En face de Perros-Guirrec. Très belle journée, on confirme, cap vers l’Espagne.

11 septembre

Première nuit en mer, quarts pris par Daniel-Jean Michel O puis Emmanuel-Jean Michel D. La lune nous a accompagnés une bonne partie de la nuit puis s’est lassée. On a doublé Ouessant ce matin, cap au sud vers l’Espagne, 300 milles à courir loin de toute côte, donc rendez-vous dans trois jours (au moins). En attendant, vous pouvez nous envoyer des sms au 00881652409146.

Jeudi 12 septembre

Golfe de Gascogne. C’est là que c’est supposé se compliquer. Et bien non. Pas de mer, pas de vent, du moteur. Mais Duval, qui a lancé une traîne malgré tous nos sarcasmes remonte une bonite de trois kilos, qu’il nettoie et depèce et que nous mangeons le soir. À la tombée du jour, deux baleines viennent souffler à 50 mètres du bateau.

Vendredi 13 septembre

On avance dans le Golfe, au dessus de la plaine abyssale, 4000 mètres de fond. Le Golfe se souvient brusquement de sa réputation. La mer se gonfle, présentant par l’arrière des vagues qui commencent à dépasser le franc bord et nous éclaboussent parfois. Le vent se renforce, monte à 5-6. On dépasse parfois 10 noeuds au speedo. À 22h, au début de la nuit, empannage involontaire, le chariot d’écoute de grand-voile explose. On finira la nuit sous trinquette seule.

Samedi 13 septembre

Le chariot d’écoute de grand-voile a été rafistolé au petit jour. On  navigue sous un vent de force 5-6 établi de nord-est, mer agitée qui nous soulève par l’arrière, ça bouge beaucoup dans le bateau et chaque barreur reçoit son lot d’auloffées. On finit la journée avec un vent force 7, des rafales à 30 noeuds, donc  trois ris dans la grand-voile et trinquette. Il est où le Golfe sympa du début, avec bonite et baleines? On voit la terre espagnole juste avant la tombée du jour.

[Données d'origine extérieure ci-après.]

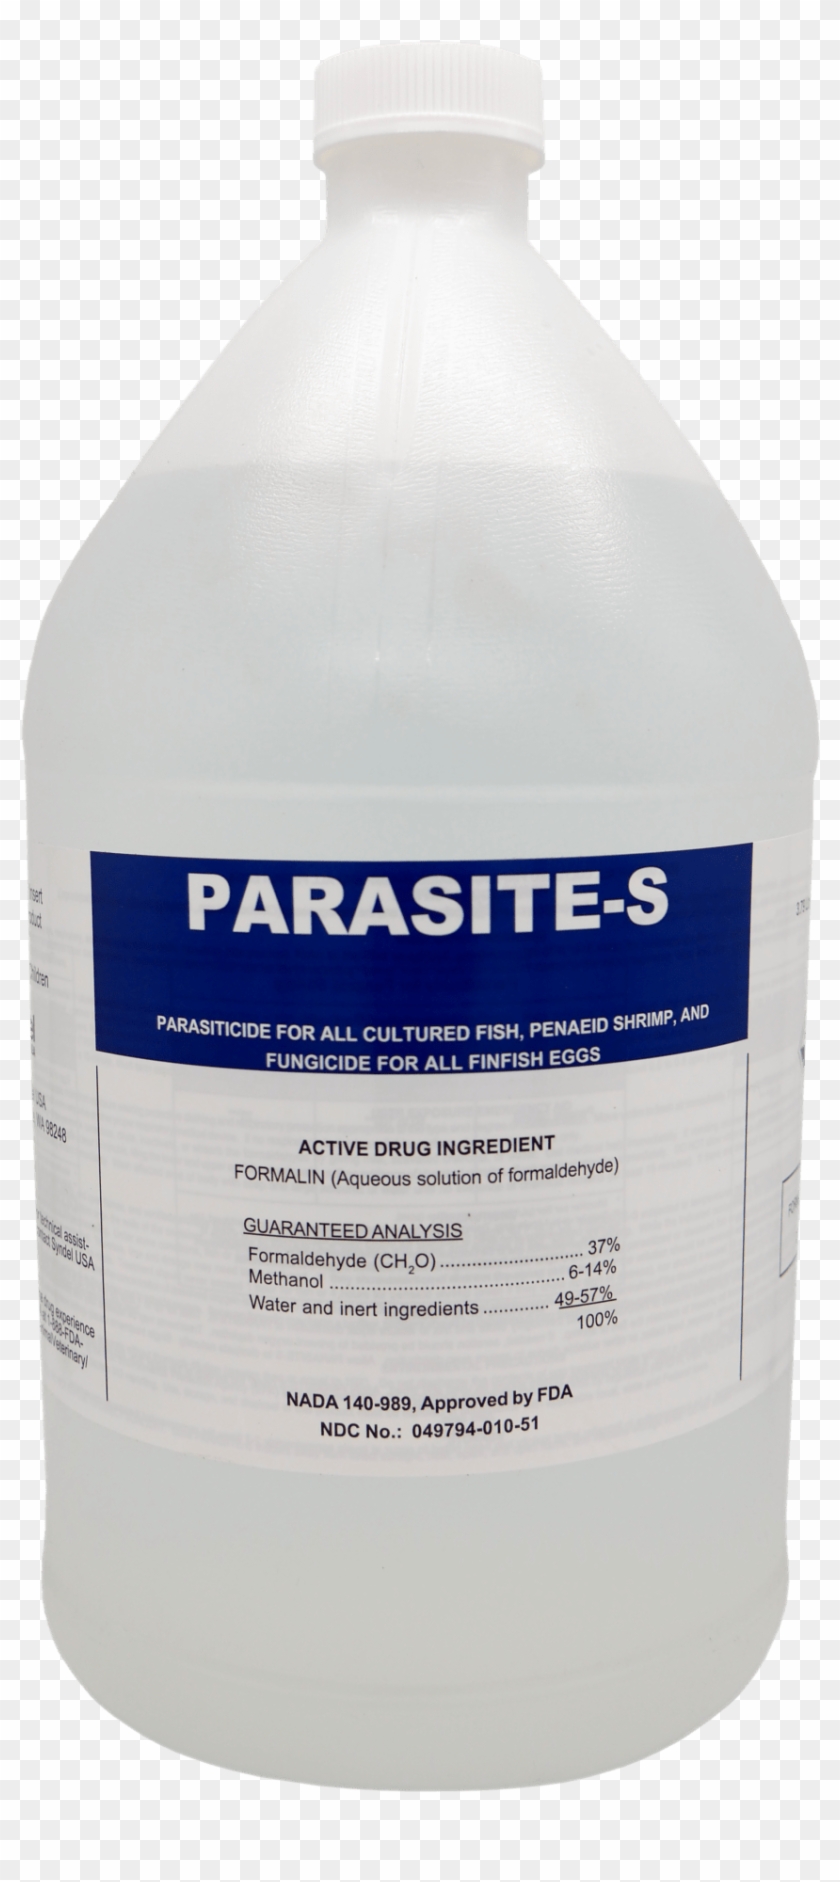 Parasite-s - Pure Nac Clipart #3821477
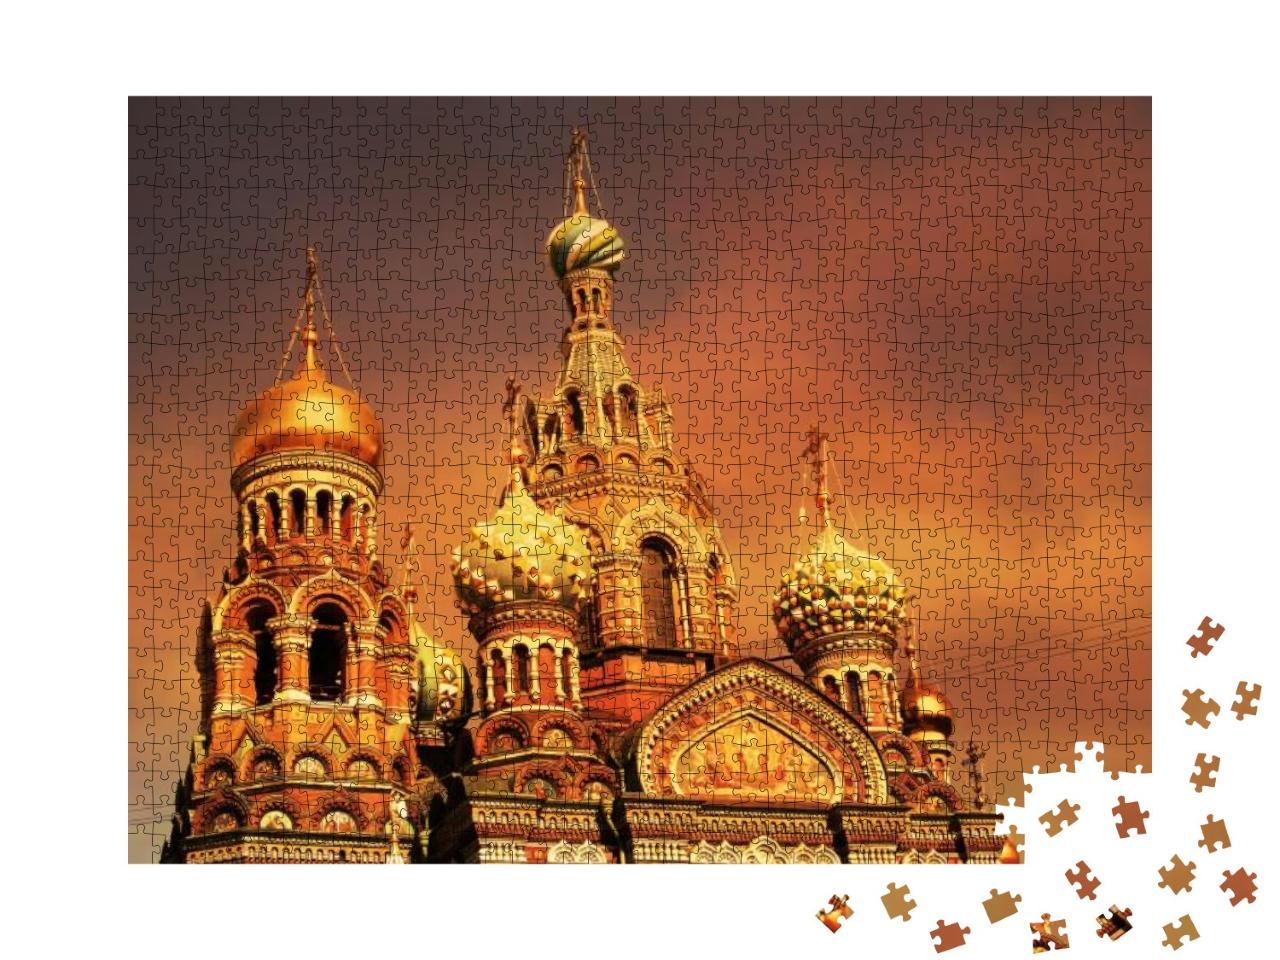 Puzzle 1000 Teile „Kirche des Erlösers von St. Petersburg bei Sonnenuntergang, Russland“

Samedi 13 septembre (nuit)

La météo que nous obtenons enfin par satellite nous a dit de nous rapprocher des côtes pour du vent et de la mer plus calmes. C’est vrai pour la mer, pas pour le vent qui se moque de nous : rien, puis trop, puis rien, toute la nuit à prendre des ris puis les larguer.

Dimanche 14 septembre

Arrivée ce matin à Vigo, grand port industriel, escale de ces immenses paquebots de croisière qui déversent à terre des milliers de touristes. Au bord du quai attendent des catamarans à fond transparent où ils s’engouffrent pour aller voir des fonds sous-marins. Lesquels, on ne sait pas. On restera au moins lundi pour réparer le chariot, vérifier les batteries qui ne rechargent guère et essayer d’améliorer notre liaison satellite. Et prendre des douches. Beaucoup de douches.